Conservation of the Podostemaceae is an imminent problem worldwide. Of the Neotropical species, up to one third (15-37%) and 16% or more are single-river and two-river endemics [3]. Two thirds or one third of species are data deficient, respectively. The impact to threat by construction of dams for hydroelectricity leads to large loss of habitat, and consequently to the loss of Podostemaceae diversity.

In Southeast Asia, Thailand and Laos are the first and second most species-rich countries, respectively. Because Podostemaceae are ecologically specific, some Thai species are threatened by impacts to habitat conditions (e.g., sunshine, rocks, seasonal change of water-level, and quality of water) [4]. Most species are data deficient, requiring conservation biological research, but a recent research shows that many of the species in Loei Province, Thailand, are threatened [5].

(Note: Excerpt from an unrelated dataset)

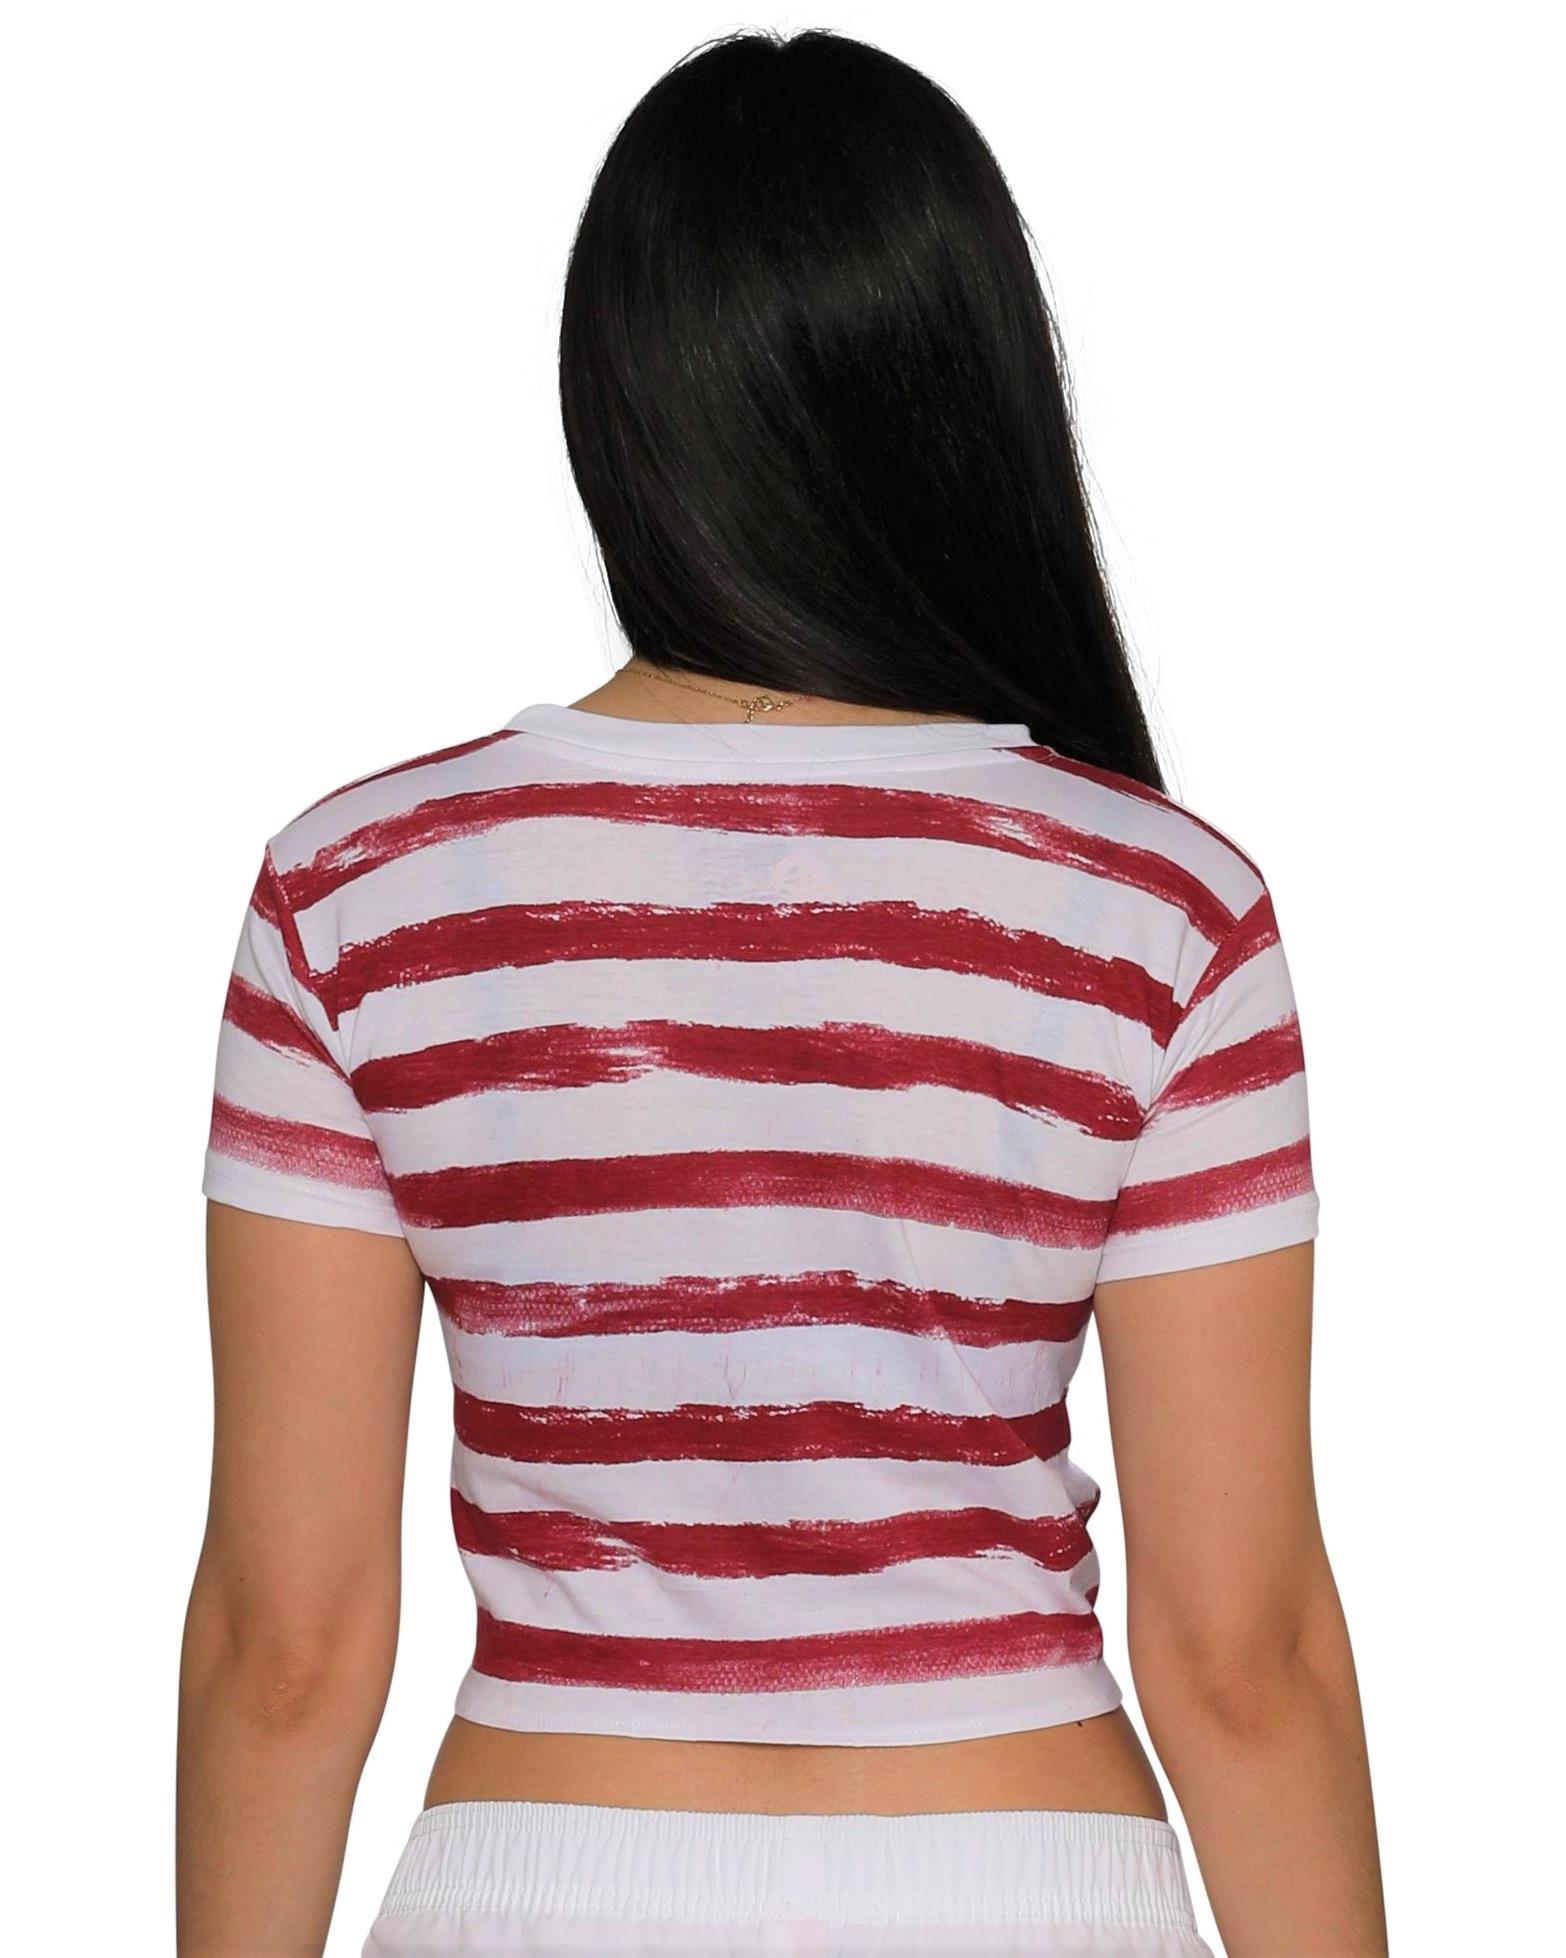 U.S. Vintage Knot Front Cuffed Sleeve / Sleeveless Stars and Stripes Crop Top Tee USA Patriotic T-Shirt, Stripes, Size: X-Small - image 2 of 2

Six species assigned to two genera are narrowly distributed in the southwestern part of Japan. A half of them are restricted to a single river, a river system, or two adjacent small rivers, and one non-endemic species is restricted in a single river in Japan. All populations of endemic and non-endemic species in Japan are threatened by identical or similar impacts. For examples, dams constructed for hydroelectricity damage unique habitats of Podostemaceae, and barriers to control soil erosion cause loss of rocky places and also seasonal water-level change, which is crucial to the life. On the other hand, all Japanese species are registered as national or local natural treasures for the unique ecology and morphology. Although various efforts have been made for protection, local populations are heavily threatened or extinct. It is noteworthy that an artificial environment, suitable to Podostemaceae, is provided unexpectedly by submerged cemented wall of the barrier and cemented bottom of an irrigation canal for agriculture.

Recent studies found that the Podostemaceae are unique ecologically, morphologically, in the pattern of gene expression related to morphogenesis, and in the distribution pattern. Podostemaceae with a variety of the disclosed biological uniqueness should be paid special conservational attention.